During development, SVOLT overcame two major challenges: first, the innovative “polarity conversion adhesive solution” achieved efficient transfer of the coating from base film to electrode, raising transfer rates from about 20% to over 95%; second, the custom “profiled gradient hot-press technology” resolved coverage consistency issues caused by uneven electrode thickness.

The process is 100% production line compatible and requires no additional investment, making it “the industry’s lowest-cost, fastest semi-solid battery mass production solution.” Cells produced using this method achieve 100% thermal runaway prevention, a 50% reduction in leakage current under short-circuit conditions, and an 18.5% decrease in full-lifecycle pressure failure rate, enhancing product consistency, safety, reliability, durability, and stability.

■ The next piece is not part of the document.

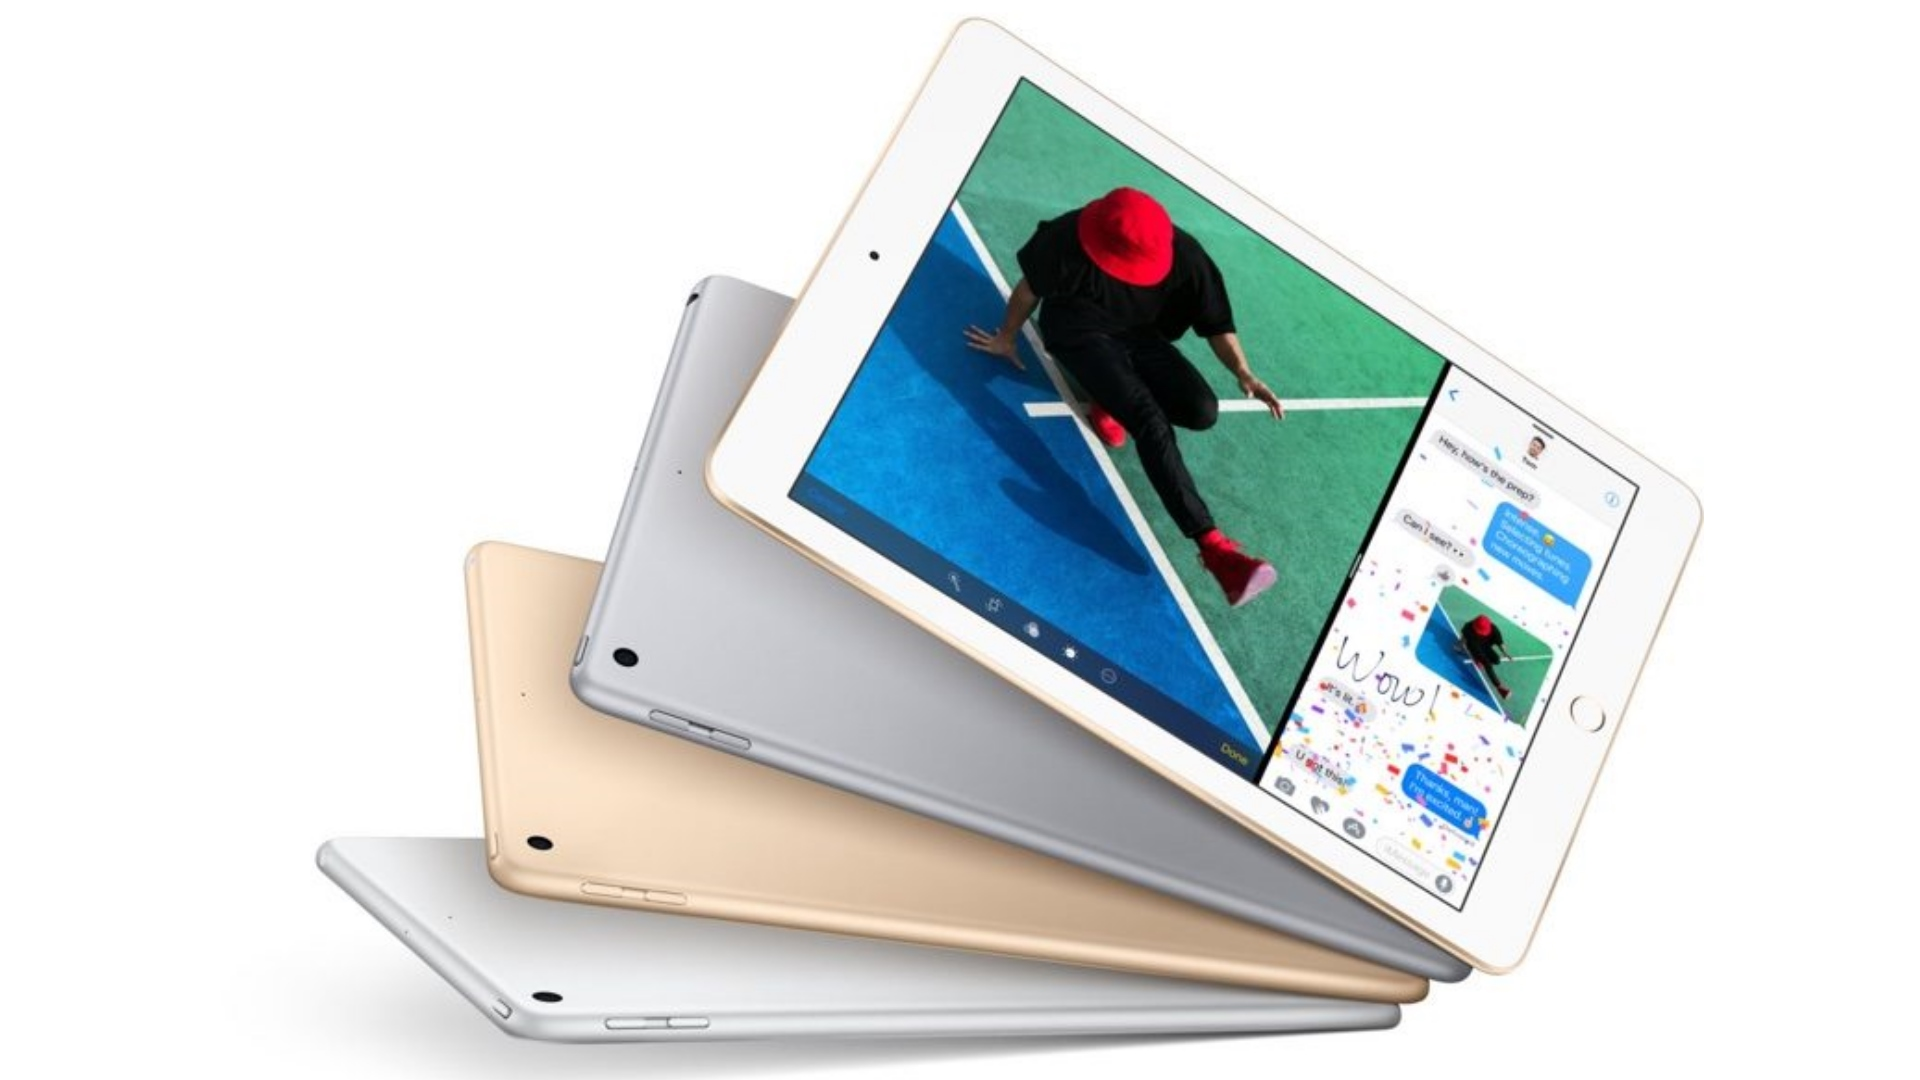 ipad prices 9.7-inch model

In semi-solid battery mass production planning, SVOLT has established a 2.3GWh dedicated semi-solid battery production line and completed the development of the first-generation 270Wh/kg prismatic cell, with C-sample batch trials imminent. This product has already secured orders from well-known European EV brands and a key eVTOL project with a state-owned enterprise. By 2026, the first-generation semi-solid battery will achieve mass production ramp-up; the second-generation 400Wh/kg prismatic cell will be developed; by 2028, the 450Wh semi-solid pouch cell will be completed.

SVOLT’s technological breakthroughs in semi-solid batteries not only secure a performance “technological high ground” but also establish the industry’s “safety cornerstone” through graded battery safety. This enhances corporate competitiveness while promoting transparency and a trusted technology system, driving sustainable development across the entire industry chain. Against the backdrop of global supply chain restructuring, these two core technologies will lay a solid foundation for national energy security and industrial resilience.